__YOUR ASSIGNMENT__.
Please restate each line of the material word for word and omit any pictures.

__DATA EXTRACT__.
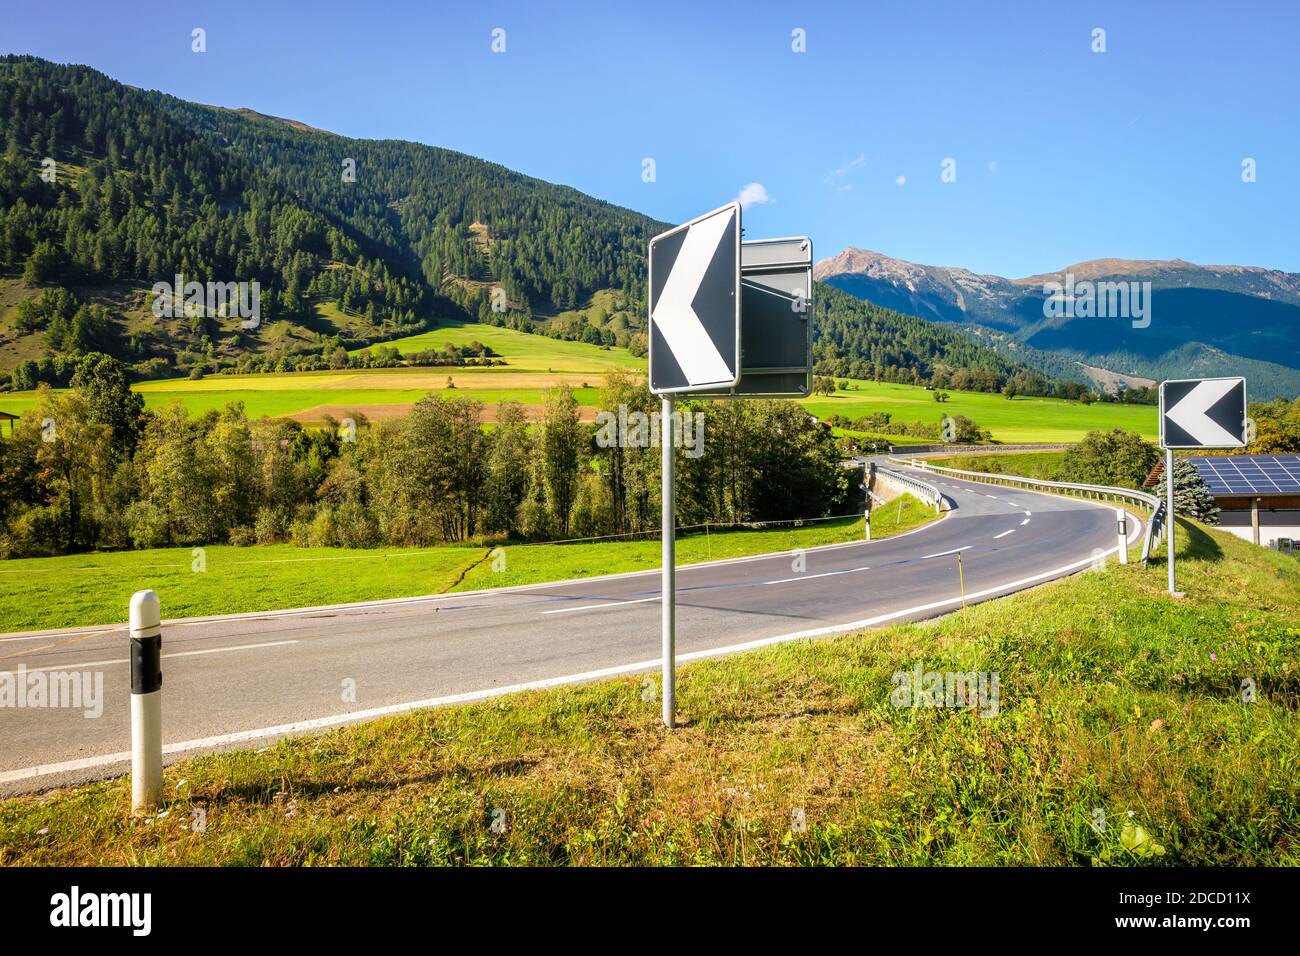 Straßenschilder weisen auf eine Biegung an einer Brücke über den Fluss Rom im Schweizer Val Müstair hin. Die Straße führt zum Dorf Müstair und dann zur italienischen Grenze. Stockfoto
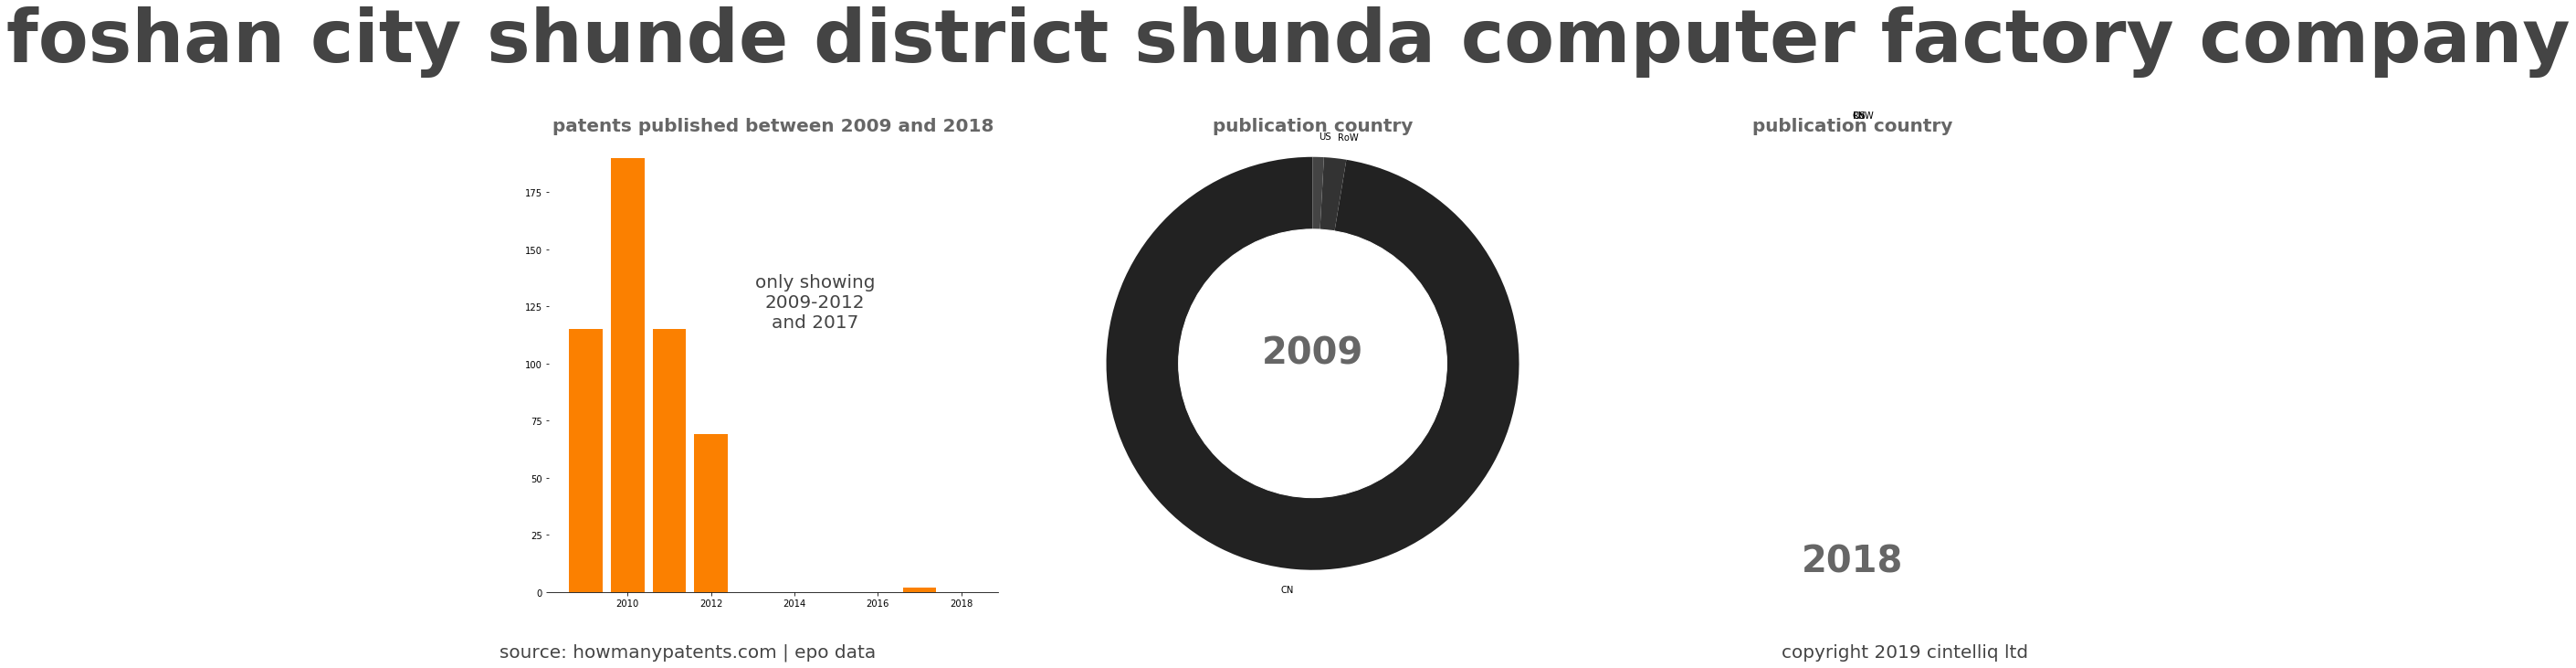 summary of patents for Foshan City Shunde District Shunda Computer Factory Company
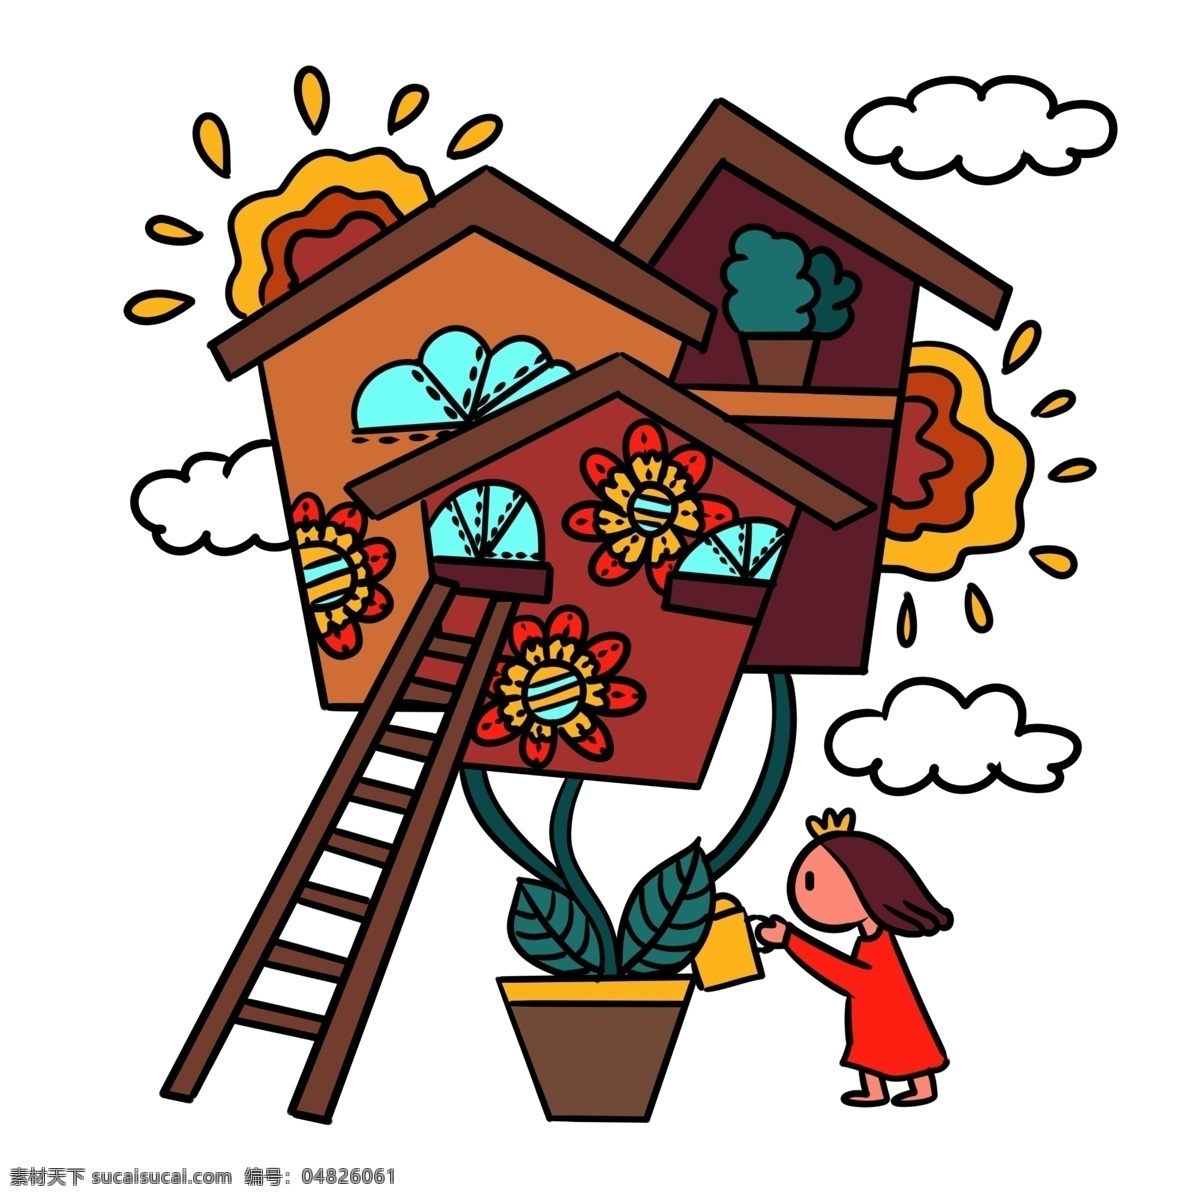 手绘 卡通 可爱 童话 小女孩 房子 矢量 免抠 梦境 楼梯 植物 太阳 云朵 儿童故事
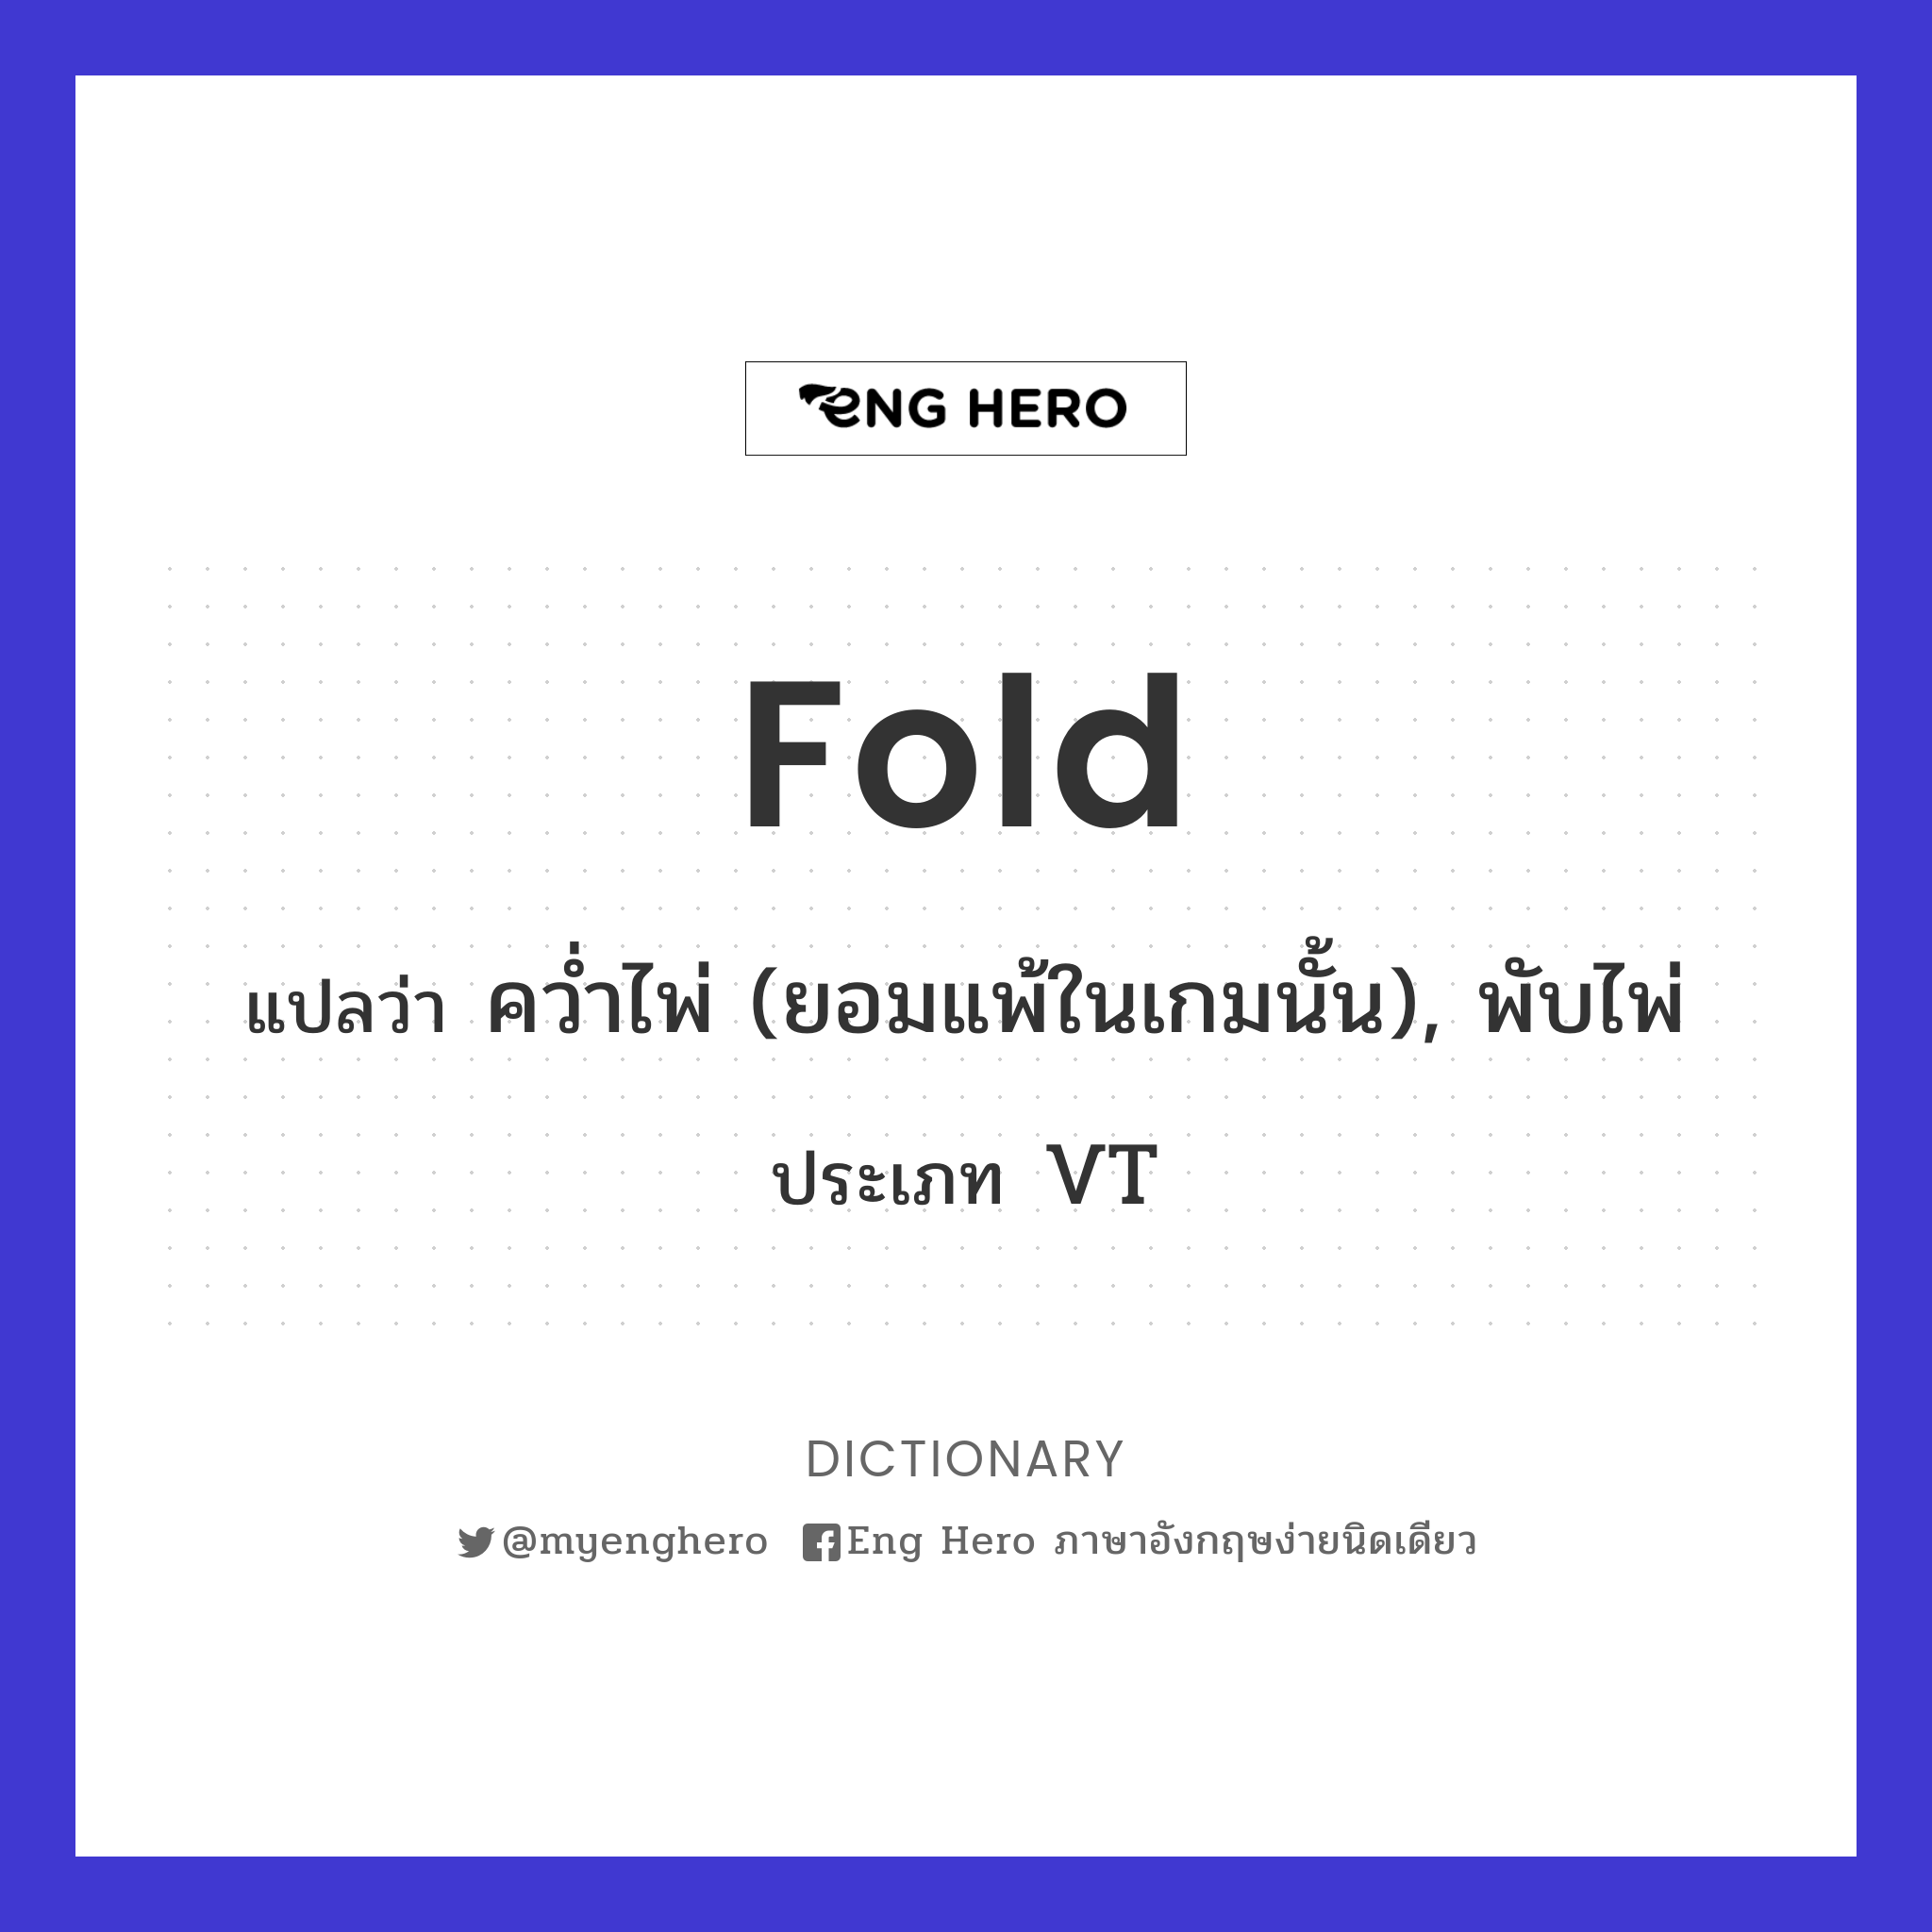 fold

__RESULT OF THE EXERCISE__.
 Straßenschilder weisen auf eine Biegung an einer Brücke über den Fluss Rom im Schweizer Val Müstair hin. Die Straße führt zum Dorf Müstair und dann zur italienischen Grenze. Stockfoto
 summary of patents for Foshan City Shunde District Shunda Computer Factory Company
 手绘 卡通 可爱 童话 小女孩 房子 矢量 免抠 梦境 楼梯 植物 太阳 云朵 儿童故事
 fold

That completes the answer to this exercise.